Crafting Your Custom AI Companion: A Comprehensive Manual for Constructing a Text and Voice-Enabled Local LLM
byRiotPublished:
Crafting your own personal LLM AI assistant equipped with voice capabilities for engaging conversations.
Embark on a Journey to Build Your Own Personal Local LLM Assistant, Ready for Conversation! Dive into the Creation Process, Enabling Voice Input and Output:
Let's delve into Llama-cpp-python, a remarkable Python interface for llama.cpp, renowned for its implementation of numerous Large Language Models in C/C++. Given its extensive embrace by the open-source community, it became my natural choice for this tutorial.
Important note: I've rigorously tested this application on a system powered by an Nvidia RTX4090 GPU.
First and foremost, let's initiate a fresh conda environment:
Now, our next step entails installing llama-cpp-python. As detailed in the llama-cpp-python documentation, llama.cpp boasts support for various hardware acceleration backends, enhancing the speed of inference. To harness the power of the GPU and execute the Large Language Model (LLM) on it, we'll compile the program with CUBLAS. While grappling with challenges in offloading the model onto the GPU, I stumbled upon a helpful post guiding me through the proper installation process:
Additionally, we'll need to install several other packages for this application:
pip install gradio
pip install openai
pip install huggingface-cli
pip install huggingface_hub
pip install torch
pip install transformers
pip install nltk
pip install optimum
The next step involves downloading model weights to serve. For this demonstration, I've opted for Mistral-7b-Instruct-v0.2. (In fact, Mistral 7b is my preferred model among all other 7b models). The model formats compatible with llama.cpp are in GGUF format. If you're unfamiliar, TheBloke is the go-to repository for obtaining quantized models and GGUF converted models.
To download the model weights, use the following command:
With the model weights now downloaded, we're prepared to put our LLM to the test.
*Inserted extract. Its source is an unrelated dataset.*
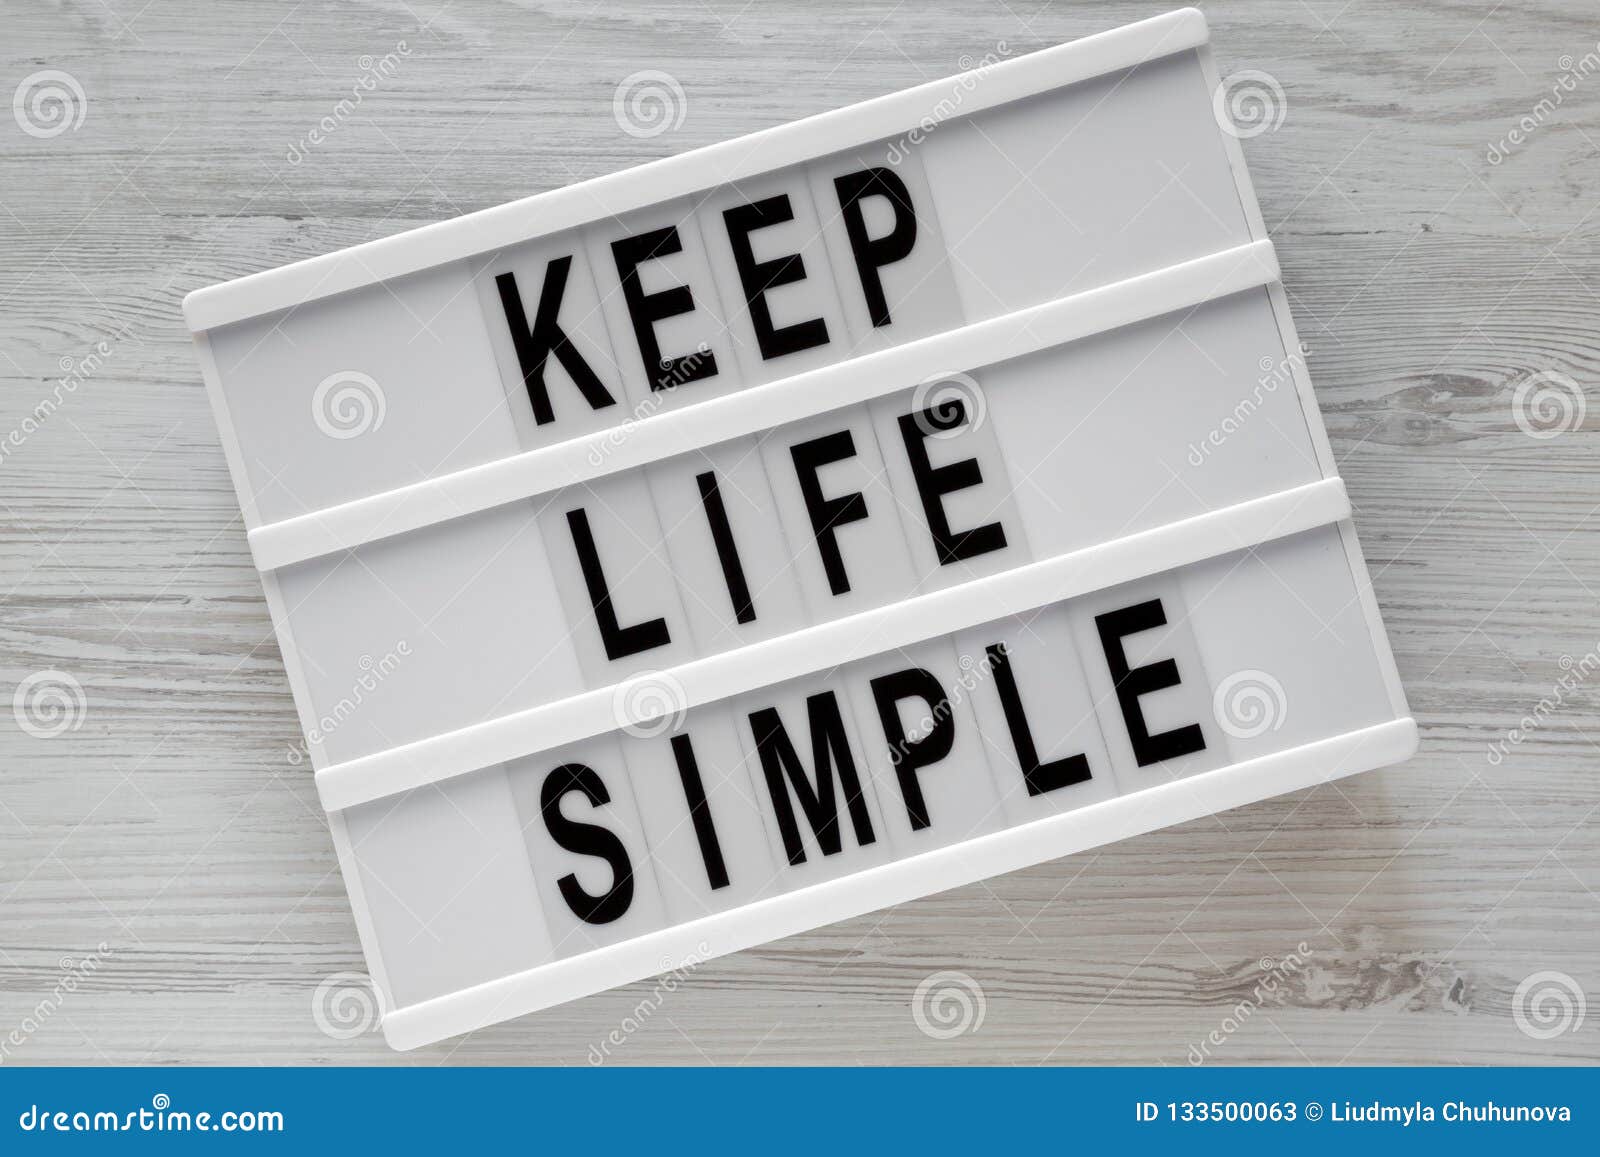 Keep flat. Keep Life. Keep Life simple. Life is simple наклейка. Keep Life simple перевод на русский.
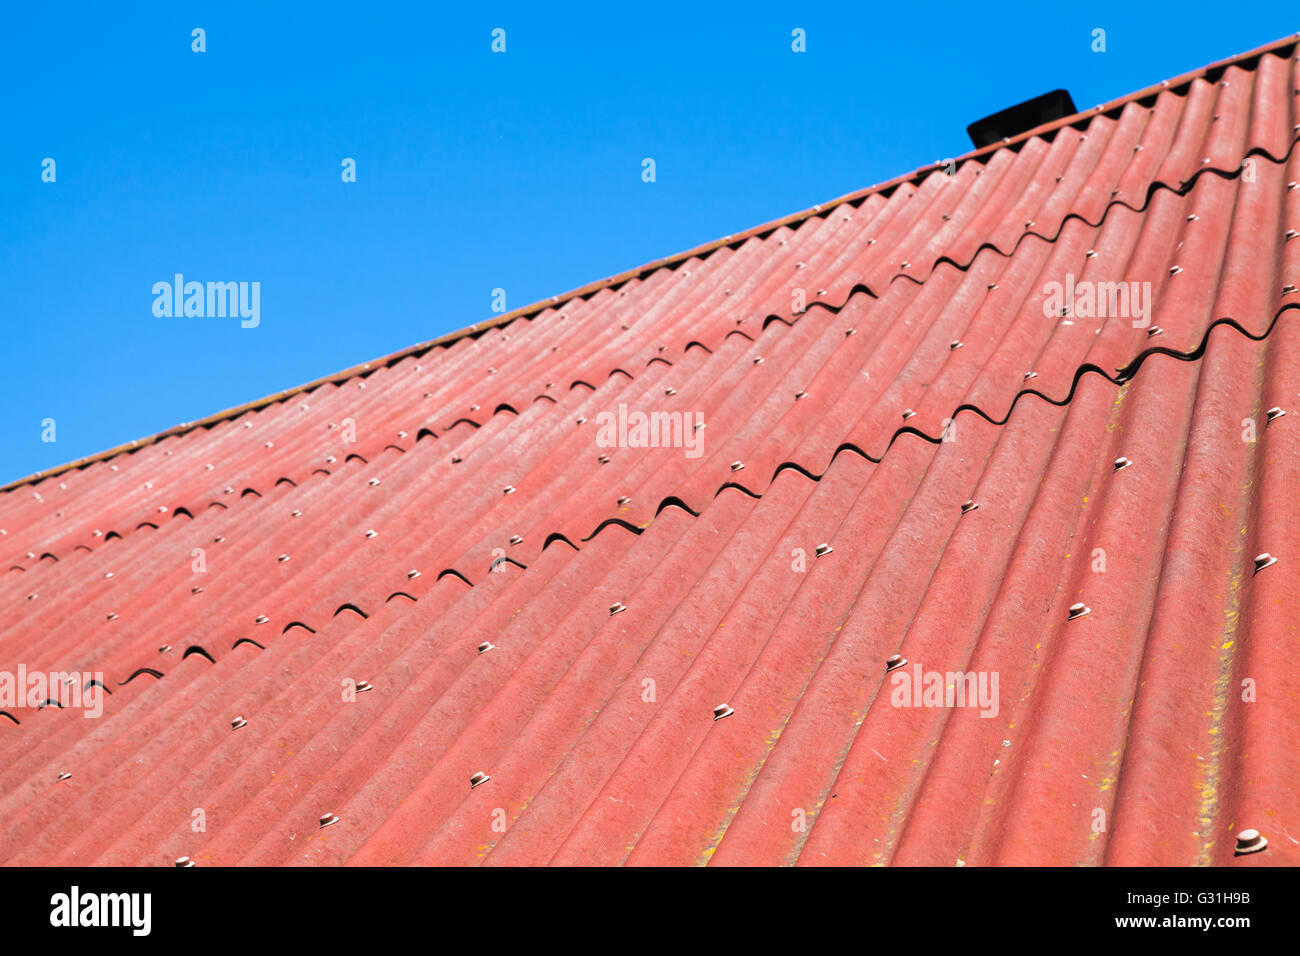 Blauer Himmel und rotem Dach gemacht von Wellpappe Karton bituminöse, Foto Hintergrundtextur Stockfoto

To achieve this, we'll initiate an LLM server (assuming we've already installed llama-cpp-python[server]). Simply open a terminal, activate your assistant conda environment, and launch the server:
In this setup, the parameter `n_gpu_layers` determines how many layers of your model will be offloaded to the GPU. Given my ample GPU resources—a Nvidia RTX 4090 with 24 GB of VRAM—I've opted to offload all layers (-1) to the GPU, as this is sufficient for loading the quantized model. As for the second parameter, `chat_format`, it specifies the chat template for our model. Since we're utilizing the Mistral model, we've selected the `chatml` template. For further details on chat templates, you can refer to the documentation.
Now, let's move on to using Python to send requests to our model. It's worth noting that llama-cpp-python follows an API structure similar to OpenAI's, allowing you to send requests to your local LLM in a manner akin to how you interact with OpenAI's GPT models like GPT-3.5 or GPT-4.
from openai import OpenAI client = OpenAI(base_url="http://localhost:8000/v1", api_key="sk-xxx") response = client.chat.completions.create( model="mistral", messages=[ {"role": "system", "content": "You are a helpful AI."}, {"role": "user", "content": "In what city were the 2000 olympics taken place?"} ], )
print(response)
For the speech-to-text functionality, we'll leverage the renowned Whisper model, an open-source transformer-based speech-to-text model. Whisper takes an audio file as input and generates a transcript of the spoken words. Utilizing the Hugging Face Transformers implementation simplifies the process significantly. With a Hugging Face pipeline, performing inference with Whisper is straightforward:
pipe = pipeline(
"automatic-speech-recognition",
model="openai/whisper-large-v2",
torch_dtype=torch.float16,
device="cuda:0"
)
transcription = pipe(audio_file_path)['text']
The variable `transcription` holds the transcript of the input audio file.
Text to Speech (Bark)
For text-to-speech conversion, I utilize the Bark model, a transformer-based text-to-speech model capable of generating realistic, multilingual speech and various other audio elements such as music, background noise, and simple sound effects. Additionally, the model can produce nonverbal communications like laughter, sighs, and cries.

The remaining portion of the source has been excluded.